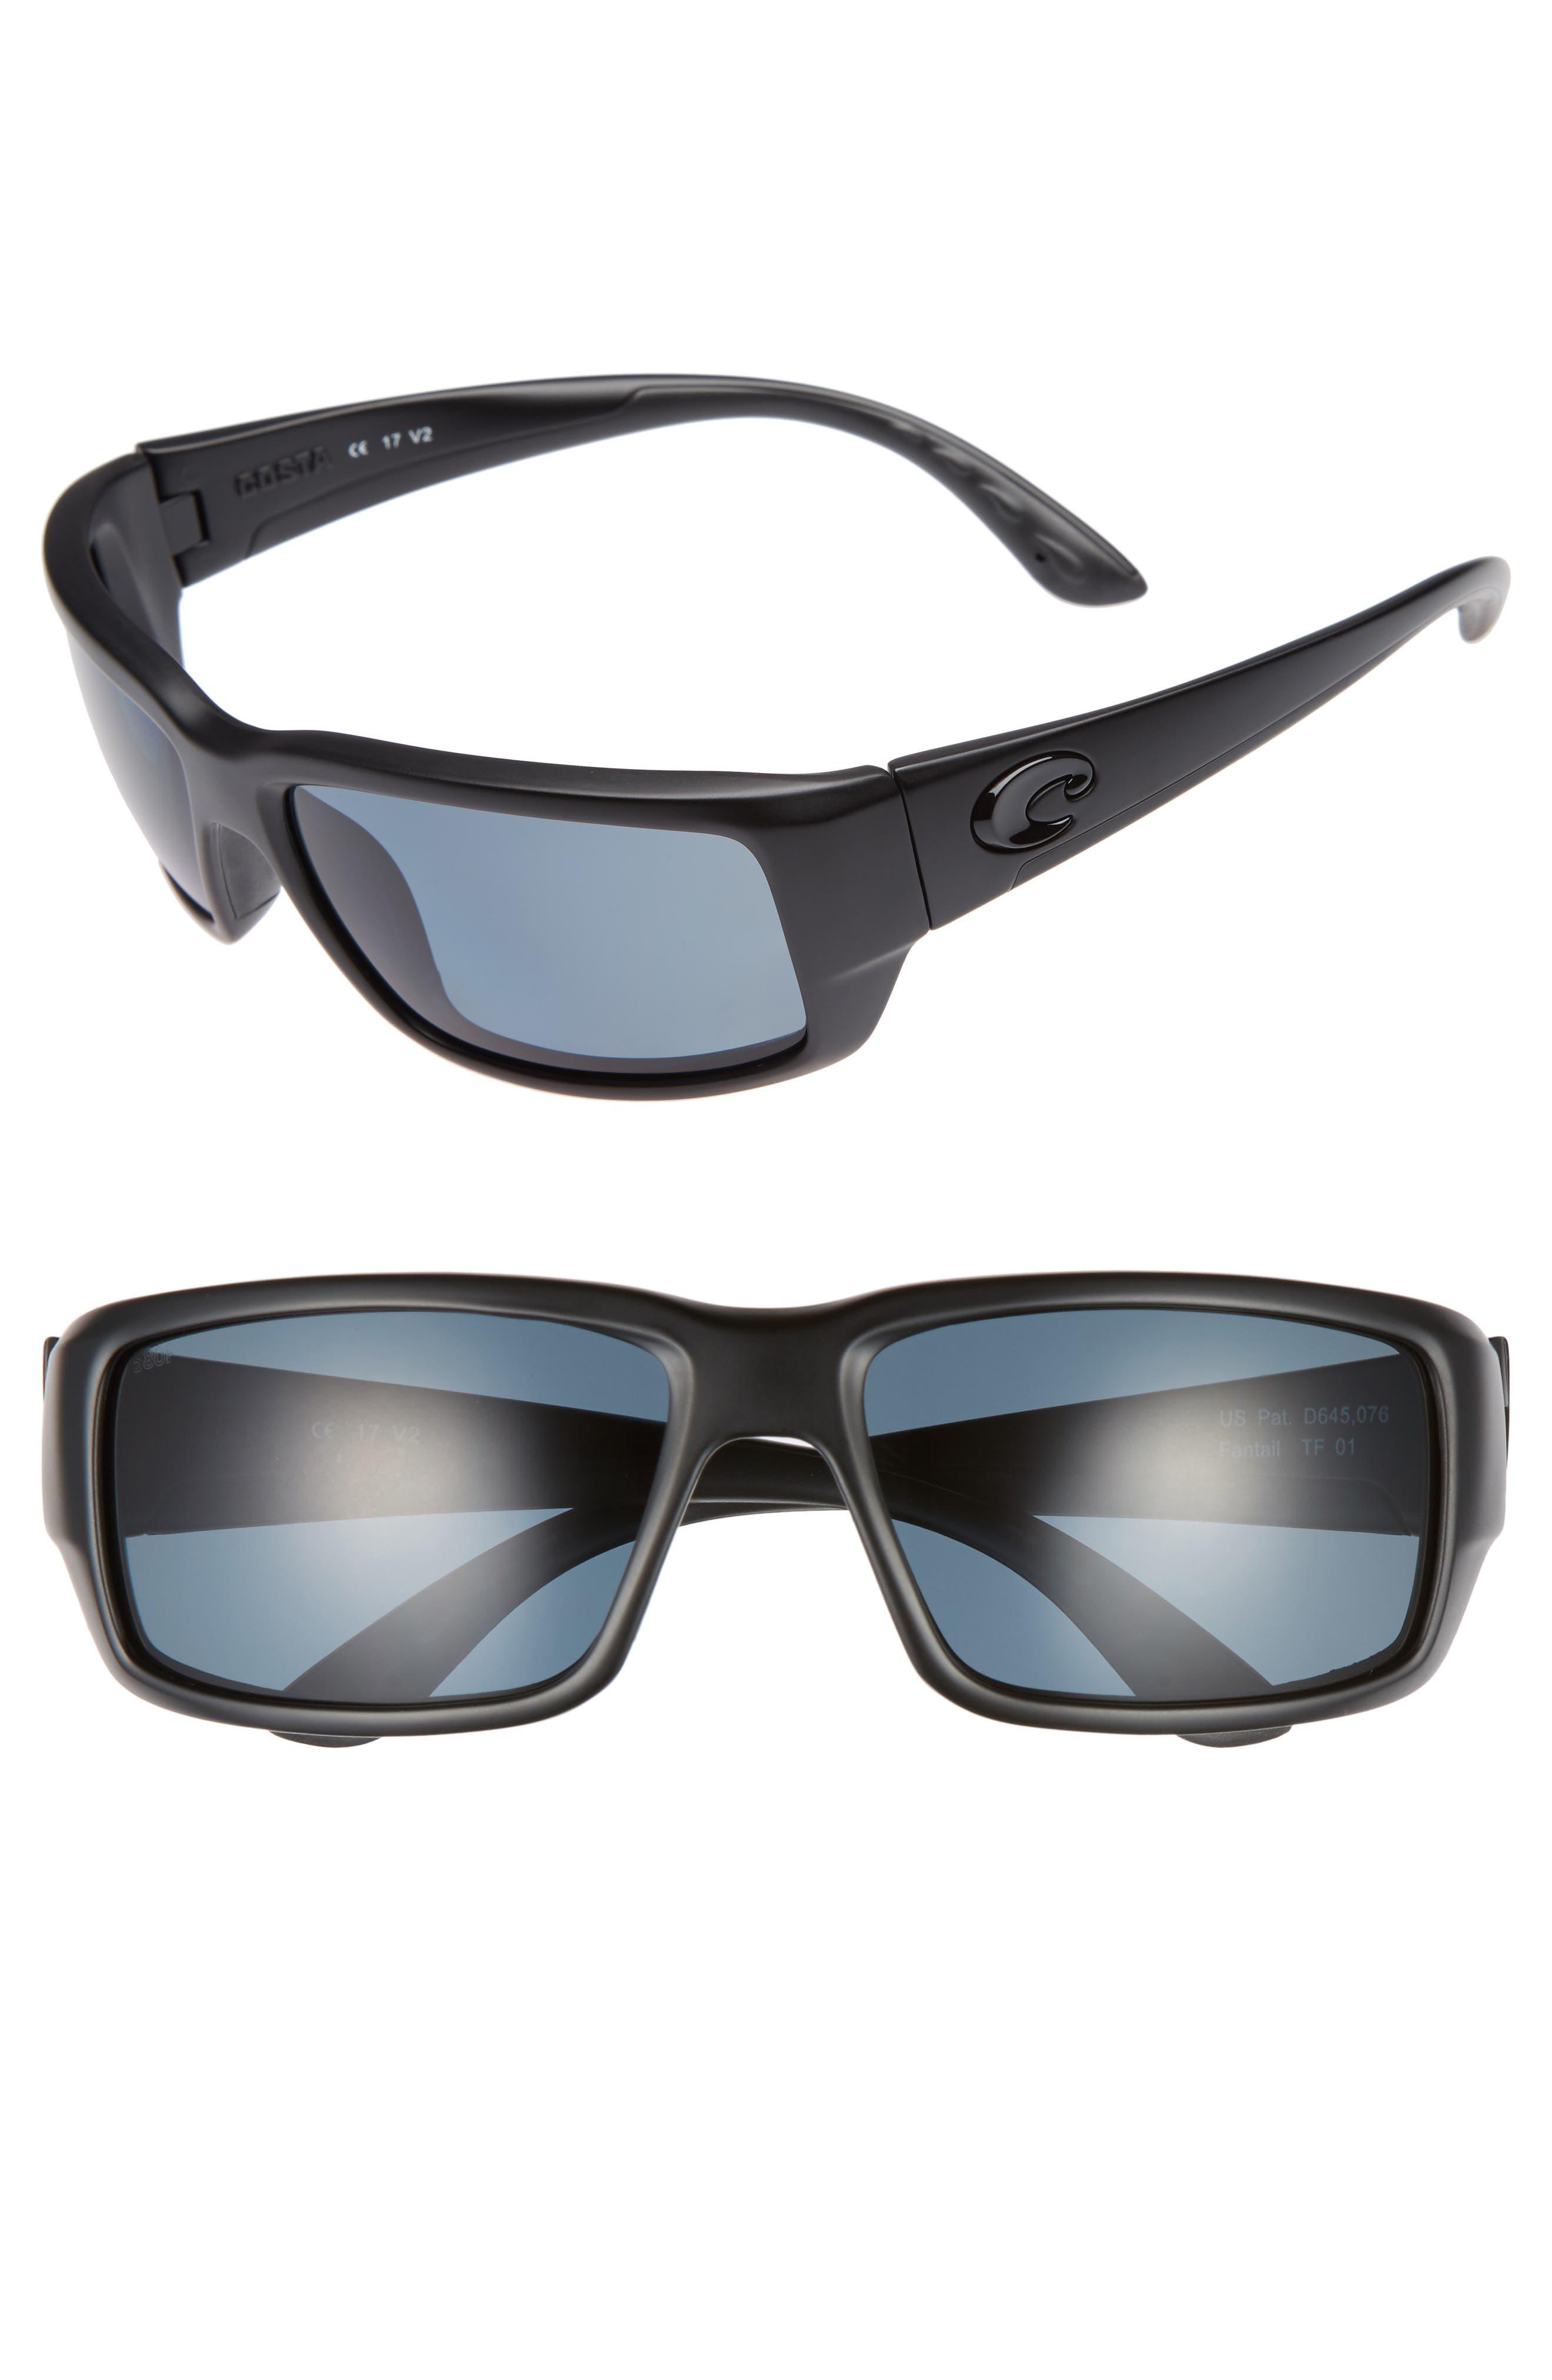 Fantail 60mm Polarized Sunglasses
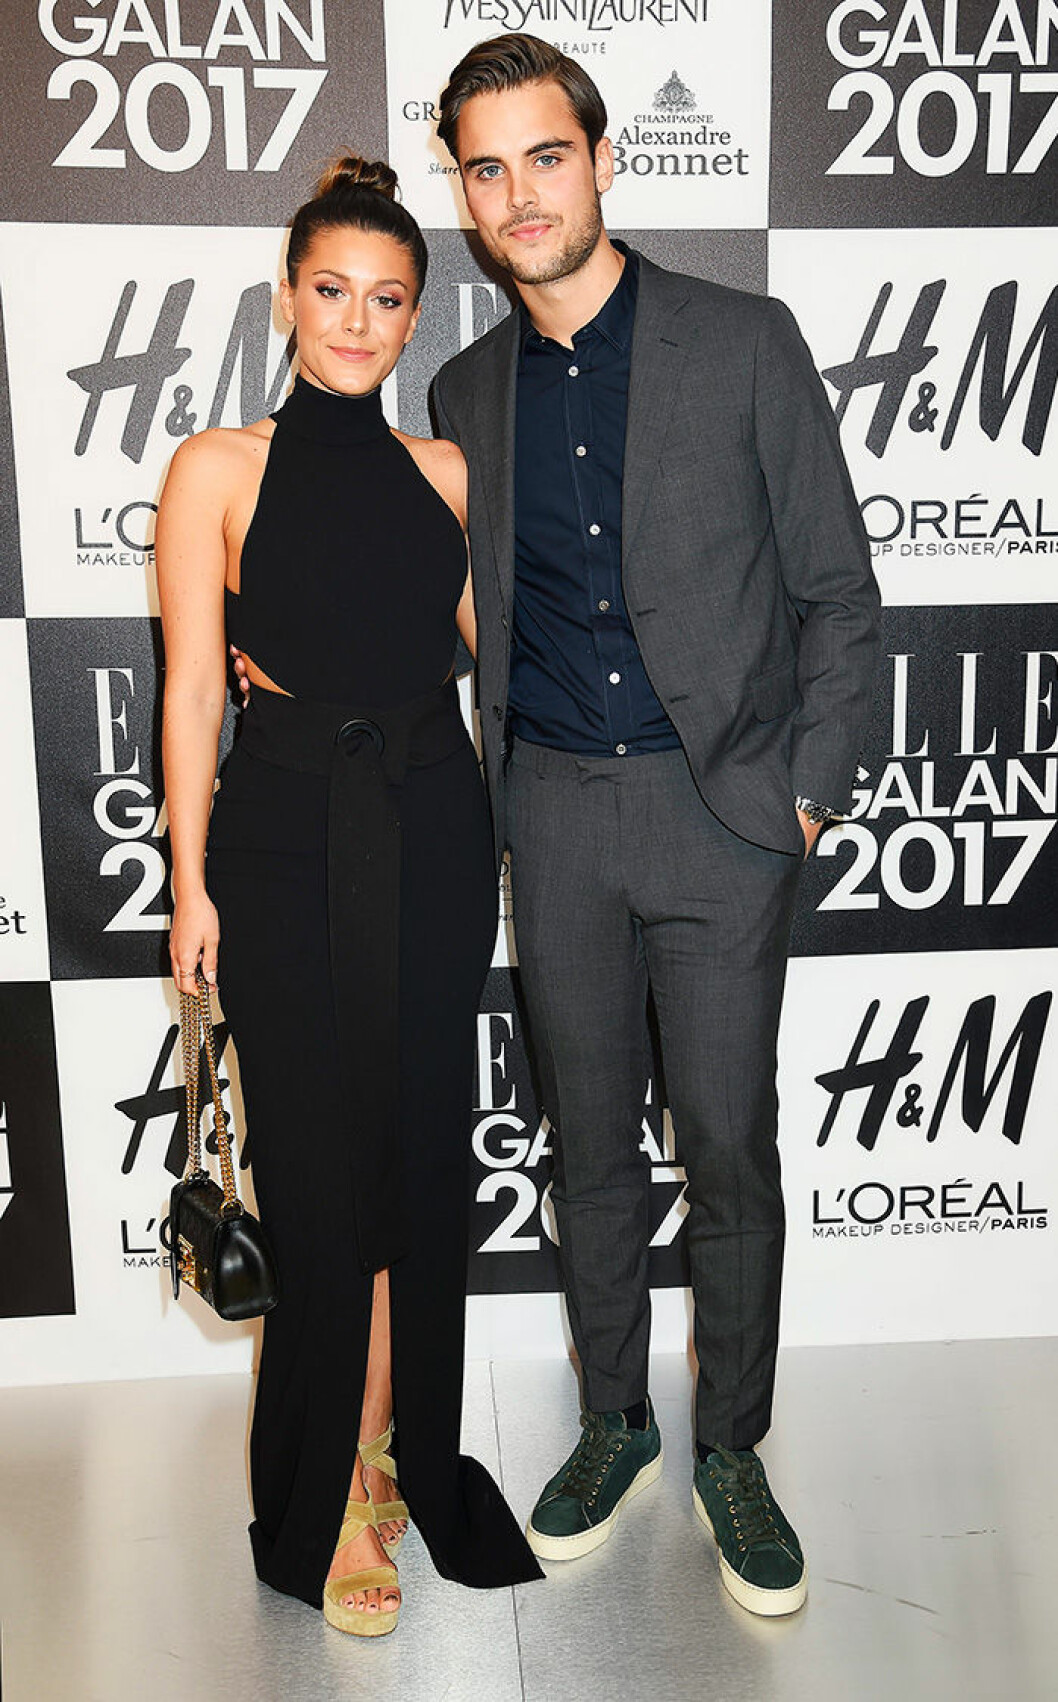 En bild på Bianca Ingrosso och Phillipe Cohen på ELLE-galan 2017.
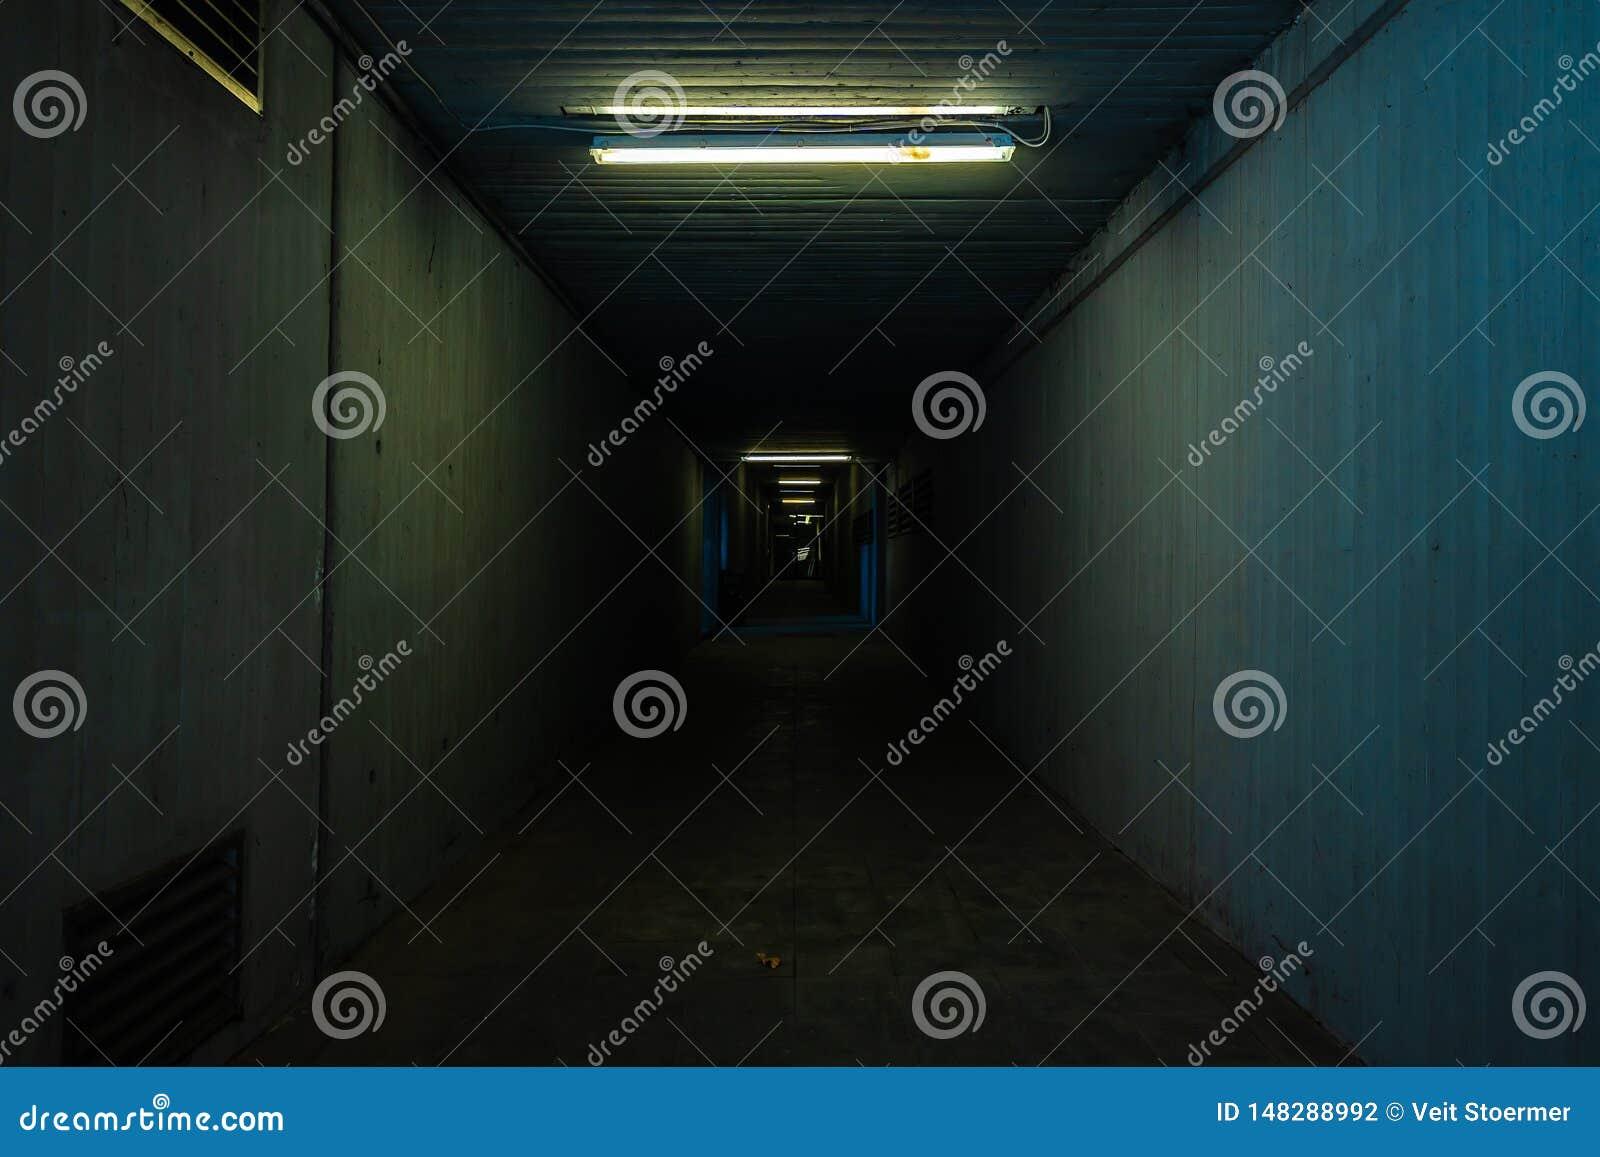 Small and dark tunnel

● Aim of the exercise:
Restate the data word for word while omitting each picture.

● Result:
 Fantail 60mm Polarized Sunglasses
 En bild på Bianca Ingrosso och Phillipe Cohen på ELLE-galan 2017.
 Small and dark tunnel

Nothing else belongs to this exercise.